И замолчала. Пытаясь не выказывать особой заинтересованности, он кивком попросил ее продолжать.
– Они были еще совсем маленькие… ей меньше десяти, ему чуть больше.
Да, пожалуй, брат и сестра тогда и впрямь были совсем юные; какой бы грех они в то время ни совершили, его можно списать как детскую шалость. И все же Маркус решил, что следует выслушать хотя бы это, если больше Мария не в состоянии ничего предложить.
– Все произошло, когда умирал его величество император… старый, не мой будущий зять. Виллем рассказывал вам, как получилось, что мы потеряли все земли?
– Да, кое-что, – ответил Маркус. – Но без подробностей. Буду очень признателен, если вы изложите мне их.
Рассеянное внимание вдовы привлекло что-то в углу комнаты.
– Ах, эту тарелку надо сменить, – пробормотала она. – Один момент.
Мария позвала старого слугу, и тот принес из угла маленькую тарелку с чем-то похожим на тошнотворный сироп, усеянный мертвыми мухами. Унося ее с собой, старик без единого слова вышел, бросив на Маркуса любопытный взгляд.
– Прошу прощения, сударь. Это смесь молока и желчи зайца, страшно ядовитая для мух – в этом году их так много расплодилось. Почти как комаров.
Маркус с трудом сумел скрыть отвращение.
– Мы в замке используем листья ольхи. Они выглядят, мне кажется, не так… противно.
Мария просияла.
– Прекрасная идея! Обязательно попробую. Свежие или сушеные? Листья ольхи, надо же! Мне это нравится.
– Вы рассказывали о вашем семейном поместье…
– А-а, да. Подробности… это все слишком сложно и скучно. Истина в том, сударь, что нас обокрали. У нас были прекрасные земли, полученные прямо от императора: город Доль принадлежал нам, и тамошняя крепость. В часовне этого форта я и венчалась, знаете ли. И все эти соляные шахты на юге, и две серебряные, и одна медная. И кроме того, половина земель отсюда до Безансона принадлежали моему мужу по праву рождения, не как бенефиция. [10]10
Бенефиция – земельные владения, пожалованные феодалом своему вассалу за определенную службу.
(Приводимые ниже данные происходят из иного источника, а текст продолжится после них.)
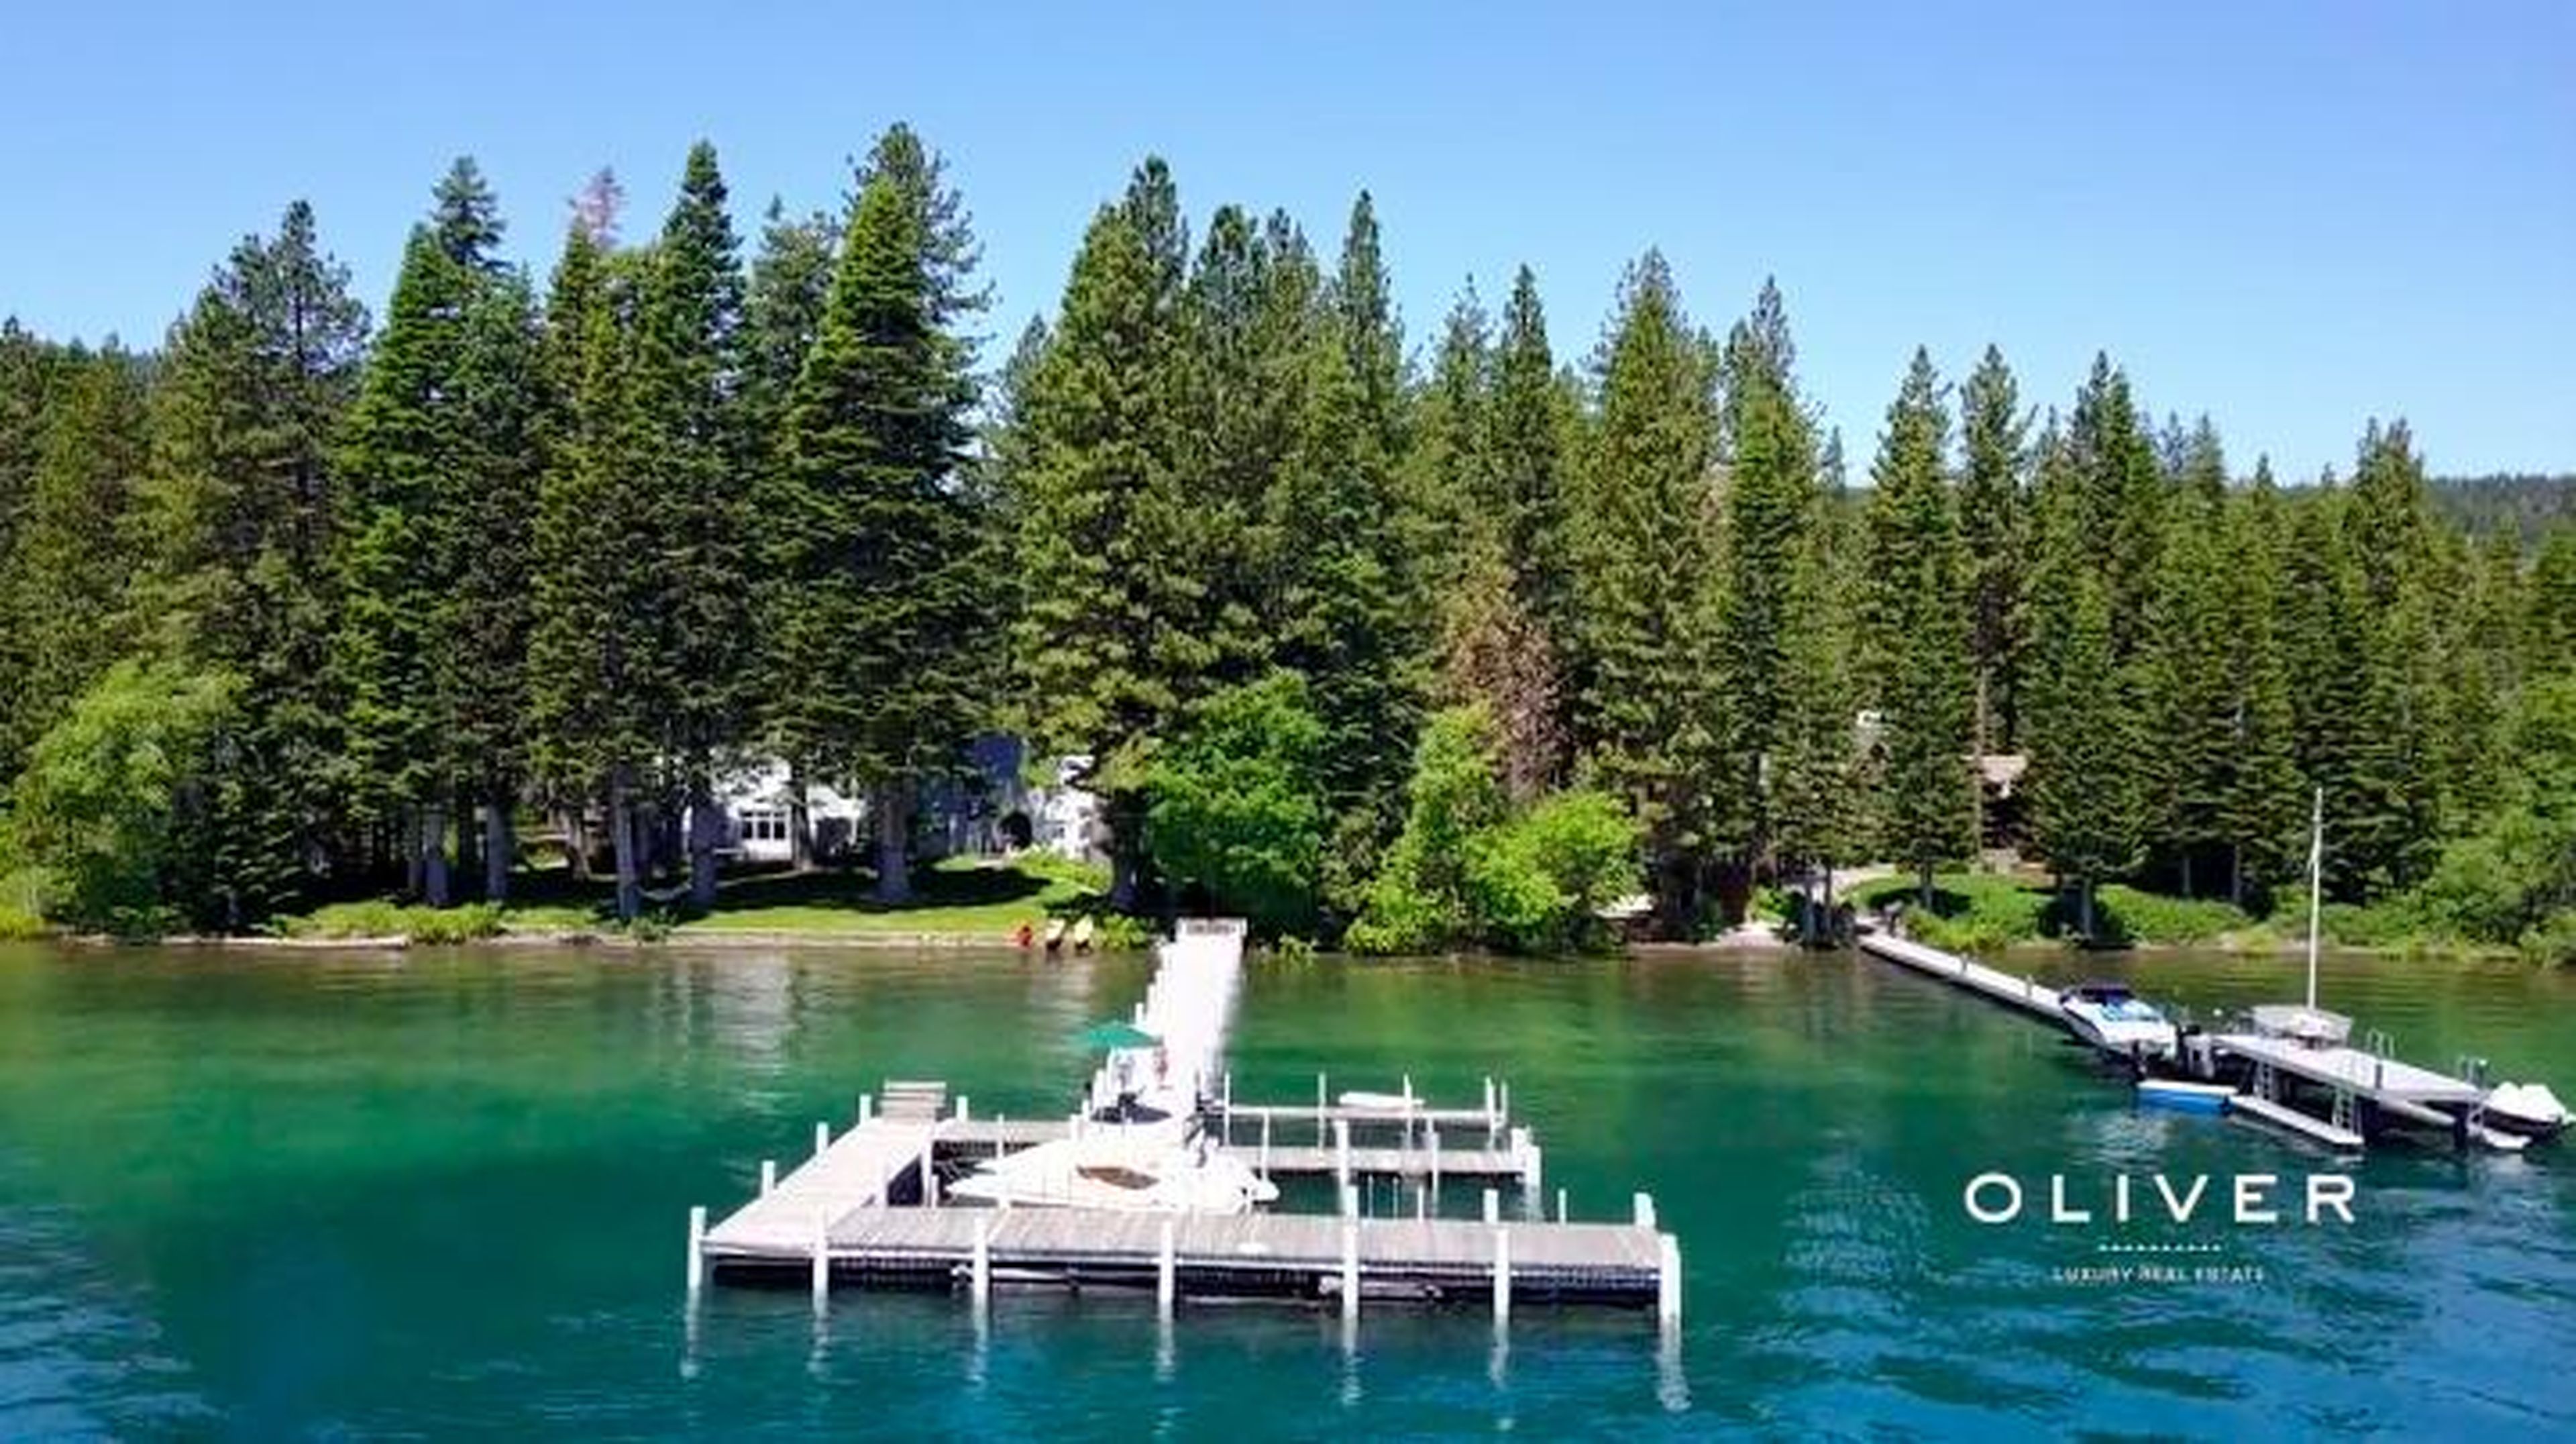 Between the two properties, Zuckerberg owns 600 feet of Lake Tahoe private waterfront.
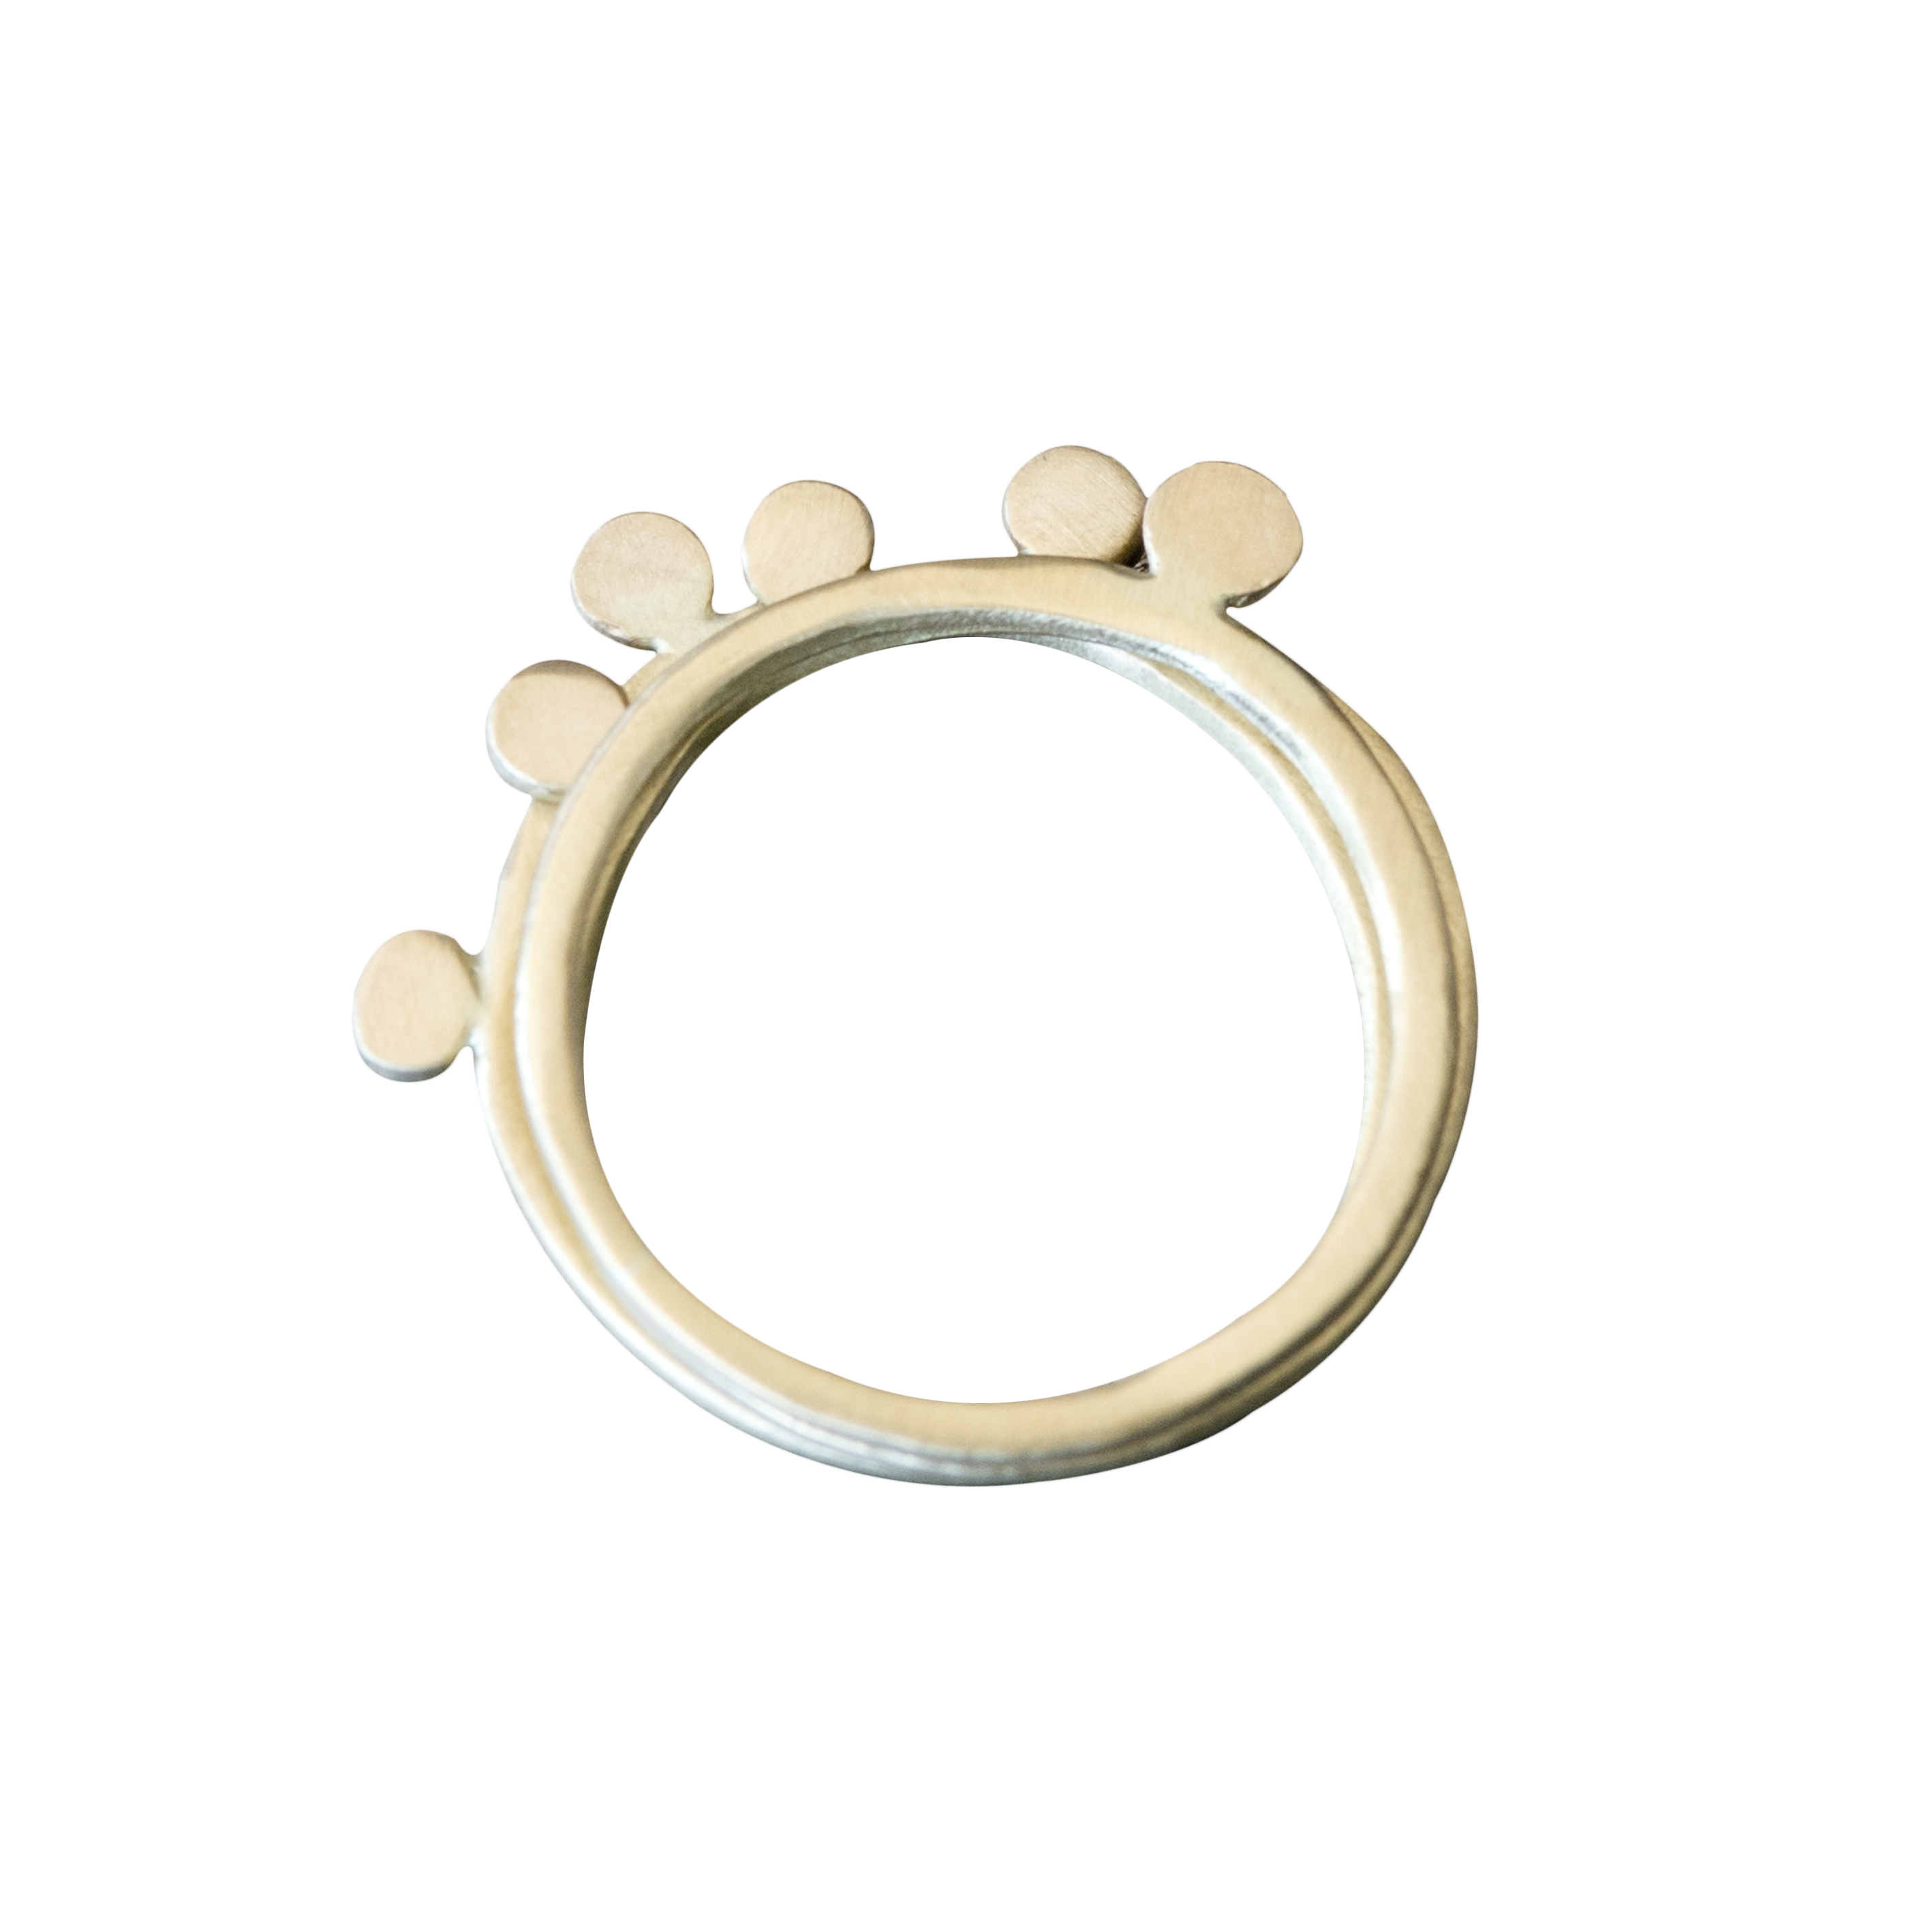 Blackbird Jewellery We Are One Light Set Of 3 18ct Gold Rings

[Закрыть]Ну, может, не половина, а треть. Мой благородный муж – а он был, только вообразите, даже красивее, чем мой сын, – погиб в расцвете сил, защищая границы империи. Потрясенная его смертью, я доверилась тому, кому доверять не следовало, и внезапно мы лишились всего. Каким-то образом все отошло графу – не только то, что муж получил как бенефицию, но вообще все.
«Господи боже, – подумал Маркус. – „Граф“ – это, конечно, Альфонс Бургундский. Неудивительно, что Виллем так отреагировал при встрече с ним в тот первый вечер в Кенигсбурге».
– Ну, дети подрастали, я не хотела, чтобы они чувствовали себя обманутыми, и не рассказывала им, что мы потеряли. Просто учила их ценить то, что у нас есть. Так было безопаснее… вы слышали, что такое правосудие тут у нас, в приграничье? Все могло кончиться гораздо хуже. Я хотела, чтобы они уцелели, а для этого нужно было держать их в неведении. Однако некоторые люди низшего звания не умеют держать язык за зубами, если за ними не приглядывать, или просто понятия не имеют об осторожности, и одним из этих людей был наш бывший управляющий Жиан. Он верно служил моему мужу и не мог смириться с тем, как с нами обошлись. Он руководствовался самыми лучшими соображениями, но это было неблагоразумно. Он – или, может, это была его жена или кто-то из детей – самостоятельно принял решение тайно увидеться с моими детьми и рассказать им всю правду. Граф, в смысле Альфонс, издал документ, согласно которому наша земля не просто перешла под его регентство, как это приличествует сеньору по отношению к такому осиротевшему наследнику, как Виллем. Он забрал себе наши поместья полностью и навсегда.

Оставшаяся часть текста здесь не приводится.